Cadrenal Therapeutics Reports $13.2 Million Net Loss and Plans for Future Funding

Cadrenal Therapeutics, Inc., a late-stage biopharmaceutical company focused on developing therapies for life-threatening immune and thrombotic conditions, reported a net loss of approximately $13.2 million for the fiscal year ended December 31, 2025, compared to a net loss of $10.7 million in the previous year. The company's total operating expenses increased by 23% to $13.5 million, driven primarily by a 39% rise in general and administrative expenses, which were attributed to costs associated with being a public company, stock-based compensation, and consulting fees. Research and development expenses slightly decreased by 2% to $4.1 million, reflecting a reduction in consulting expenses offset by increased costs related to asset purchase agreements.

In December 2025, Cadrenal completed the acquisition of a 12-lipoxygenase (12-LOX) platform of assets from Veralox Therapeutics, which included the lead product candidate CAD-1005, a selective 12-LOX inhibitor aimed at treating heparin-induced thrombocytopenia (HIT). The acquisition involved a cash payment of $200,000, contingent milestone payments up to $15 million, and royalty payments. The company also raised approximately $2.2 million through a registered direct offering and generated $4.9 million from sales of common stock via its at-the-market facility during the year.

As of December 31, 2025, Cadrenal had cash and cash equivalents of $4.0 million, down from $10.0 million the previous year. The company anticipates that its existing cash resources will not be sufficient to meet its operational needs for the next twelve months, raising substantial doubt about its ability to continue as a going concern. To address this, Cadrenal plans to seek additional capital through equity offerings, strategic partnerships, and debt financing. However, there is no assurance that such funding will be available on acceptable terms.

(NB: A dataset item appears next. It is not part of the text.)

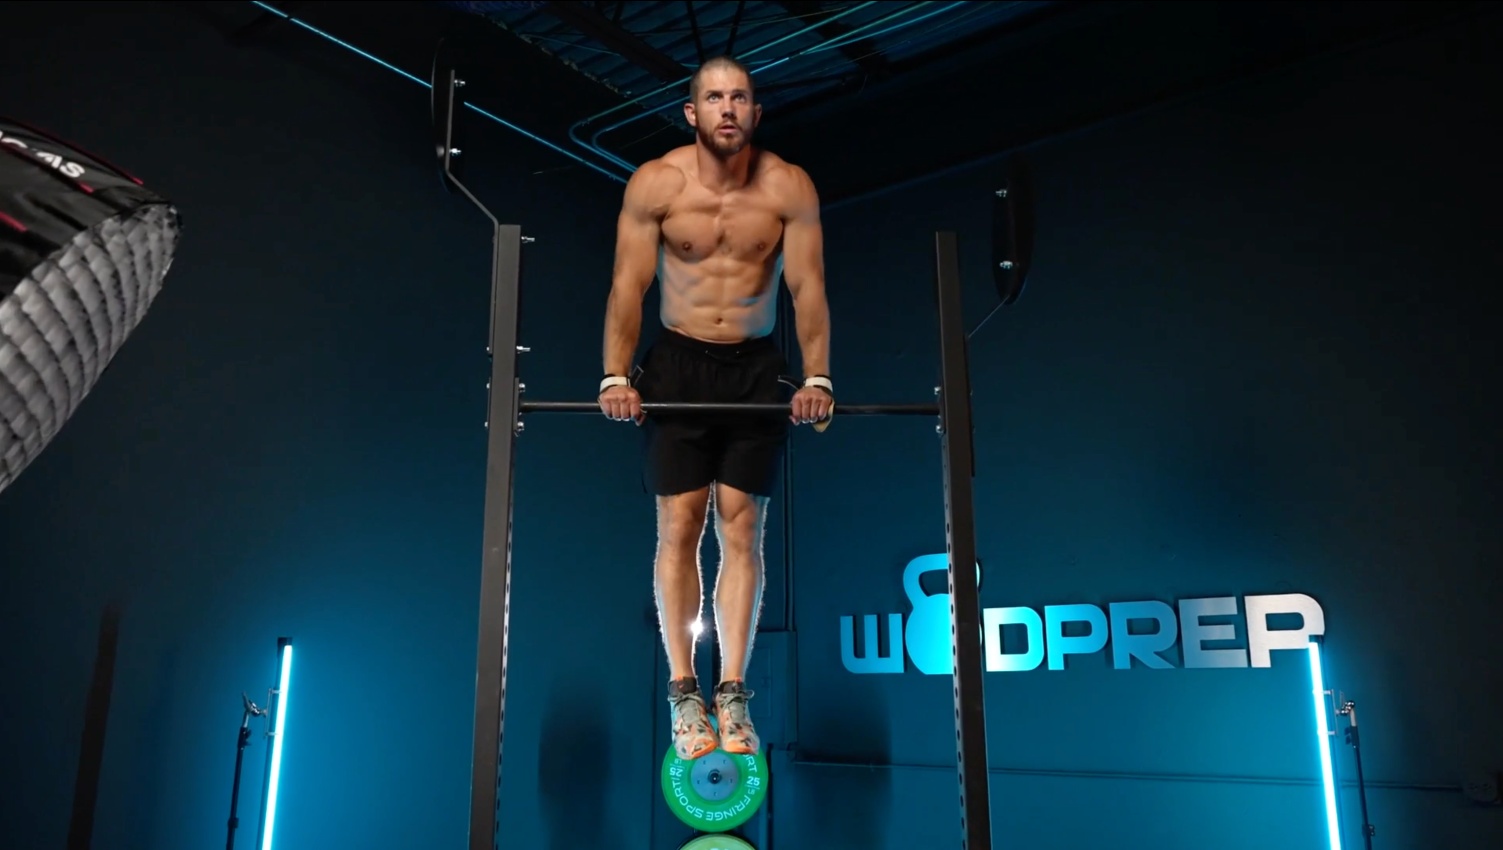 Top CrossFit Workouts to Practice Before The Open: Strategy and Technique Tips

Cadrenal's product pipeline includes CAD-1005, tecarfarin, and frunexian, with CAD-1005 receiving orphan drug and fast track designations from the FDA. The company is preparing for a pivotal Phase 3 clinical trial for CAD-1005, which is subject to FDA review and approval. The company has not yet submitted a New Drug Application (NDA) to the FDA, and its success depends on the outcomes of ongoing and future clinical trials. The competitive landscape includes established therapies, and the company faces significant risks related to regulatory approvals, market acceptance, and potential product liability claims.

Looking ahead, Cadrenal's management remains focused on advancing its clinical programs and securing necessary funding to support its operations. The company acknowledges the challenges it faces, including the need for successful clinical trial outcomes, regulatory approvals, and effective commercialization strategies to achieve profitability in the future.